When Bishop George M. Murray addressed the 1968 convention of the Diocese of Alabama, he described his vision of a new diocese which might be formed from counties in south Alabama and northwest Florida. He made his address immediately following Bishop C. C. J. Carpenter's announcement of his plan to resign at year's end after a thirty-year episcopacy. After his 15 years of assisting Bishop Carpenter in serving the more than 100 congregations in Alabama, Bishop Murray spoke of new possibilities. One of them was a new diocese.
His vision was as exciting as it was historic. Since 1830, the Diocese of Alabama had covered the state. The Diocese of Florida, formed eight years later, also covered the state (including congregations in Cuba for a few years) until 1888 when a new jurisdiction of South Florida was created. From time to time, dividing the Diocese of Alabama had been considered, but never decisively.
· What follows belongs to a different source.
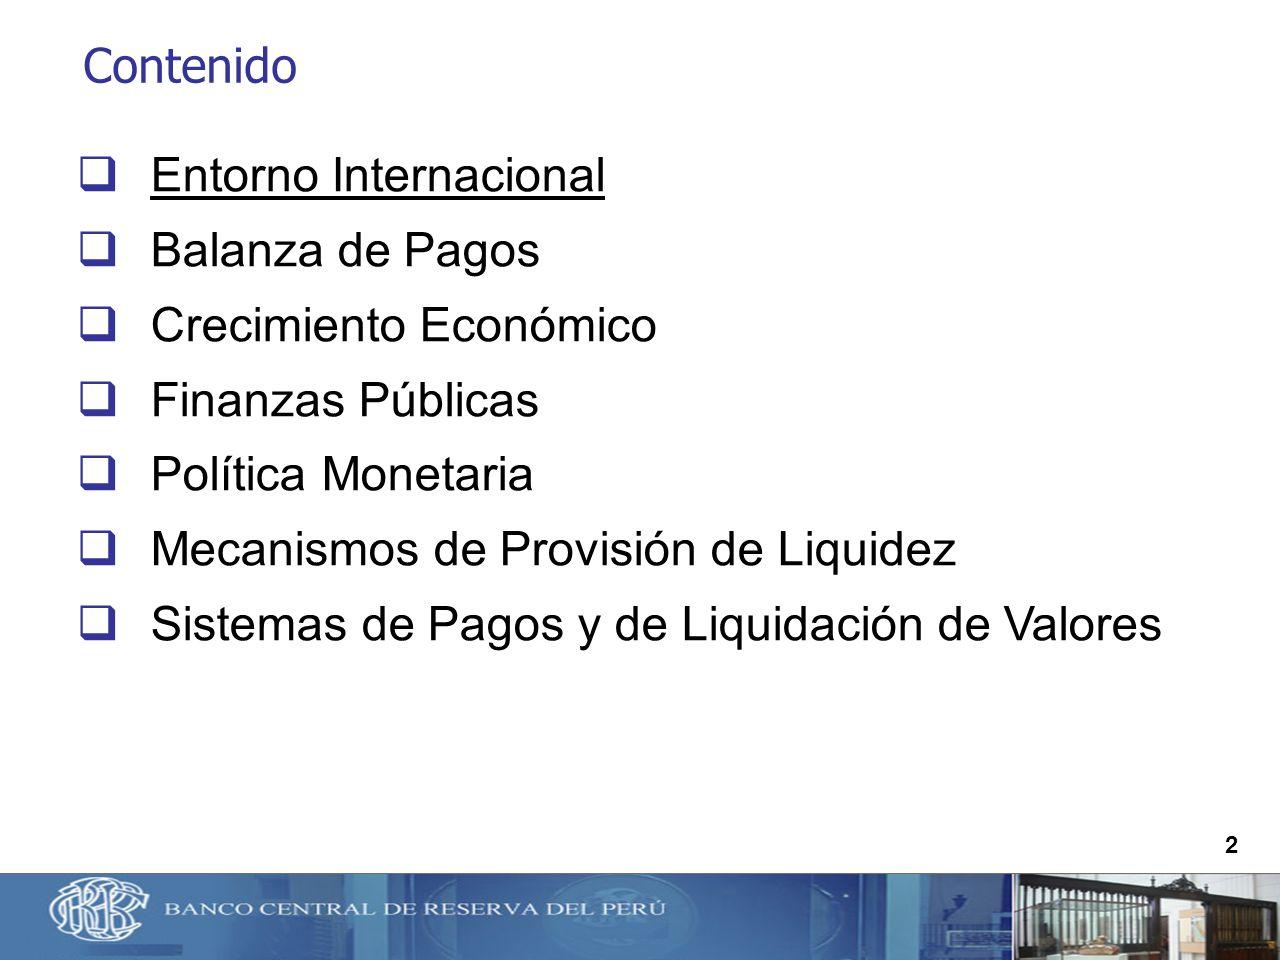 2 Contenido Entorno Internacional Balanza de Pagos Crecimiento Económico Finanzas Públicas Política Monetaria Mecanismos de Provisión de Liquidez Sist
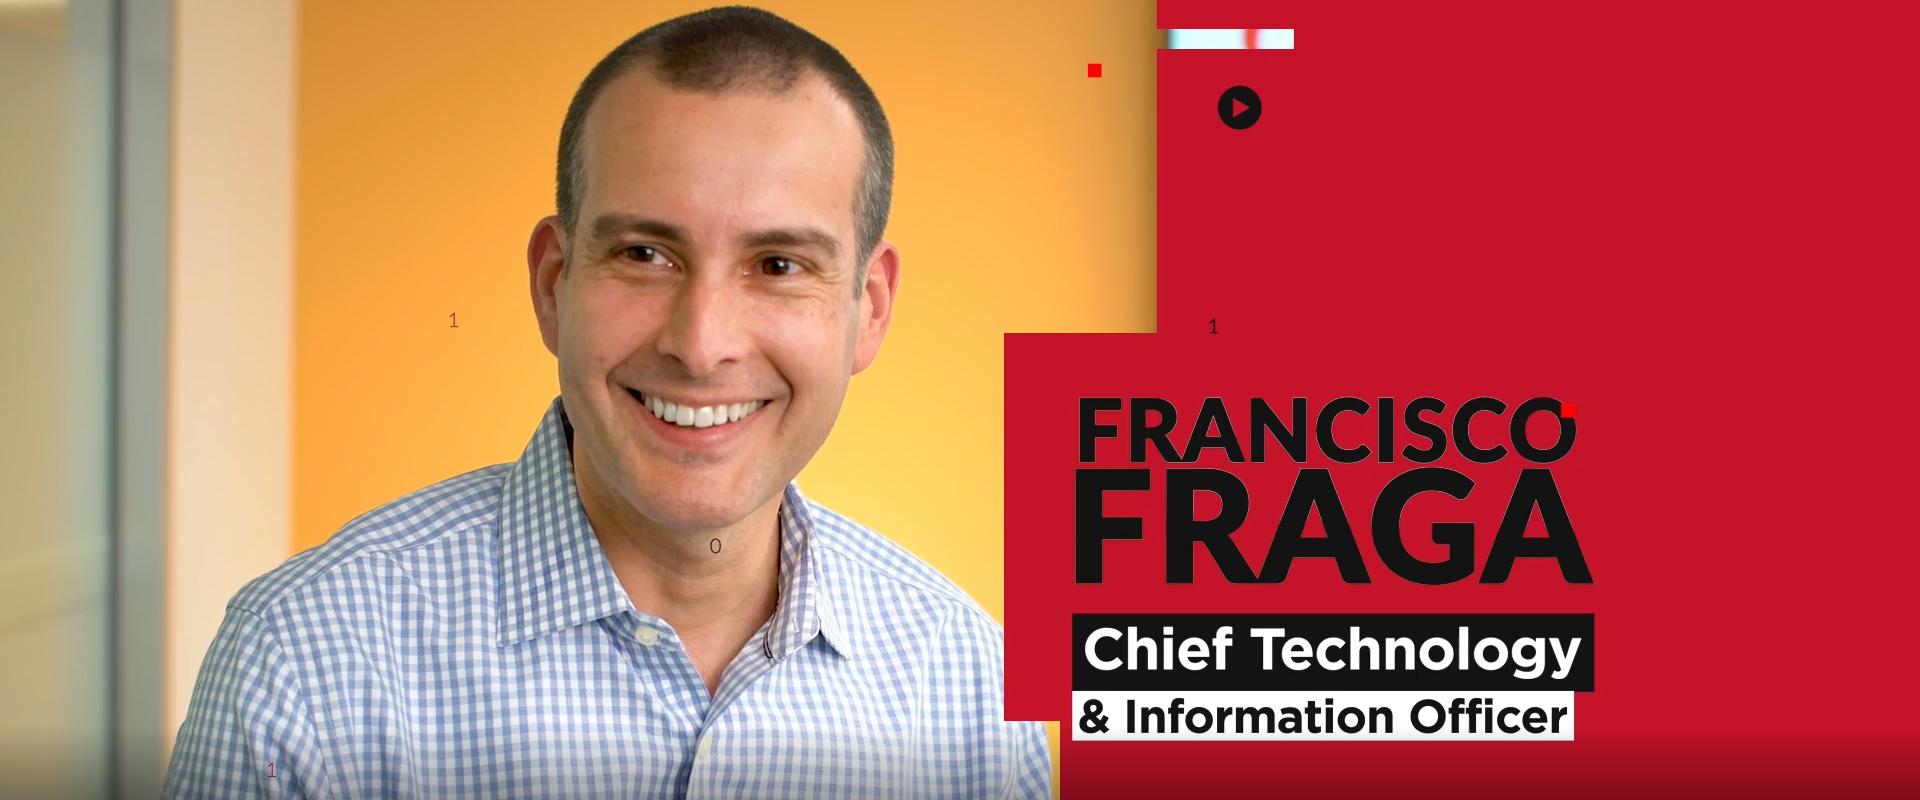 Francisco Farga CIO

Throughout 1968 and 1969, Bishop Murray and Bishop Hamilton West of Florida worked with clergy and lay leaders in both areas. In early 1970, the conventions of both dioceses agreed to the new diocese. General Convention approved in the summer of the same year. Bishop West, senior of the two bishops, chose to remain where he was. Bishop Murray then chose to lead the new diocese.
The Primary Convention of the new diocese met December 3-5, 1970, in Christ Church, Pensacola. Bishop West preached from Exodus 14:15: "The Lord said to Moses, 'Tell the people of Israel to go forward.' "At his invitation, Bishop Murray presided over the sessions that organized the diocese. Before adopting canons, the convention adopted a motion "that the new diocese should be structured so as to allow freedom to explore new ideas and to not be hampered by traditional concepts of either of the existing dioceses." With this as the standard, canons were adopted for a relatively simple structure open to possibilities for creative mission and ministry. The convention named this new beginning the Diocese of the Central Gulf Coast.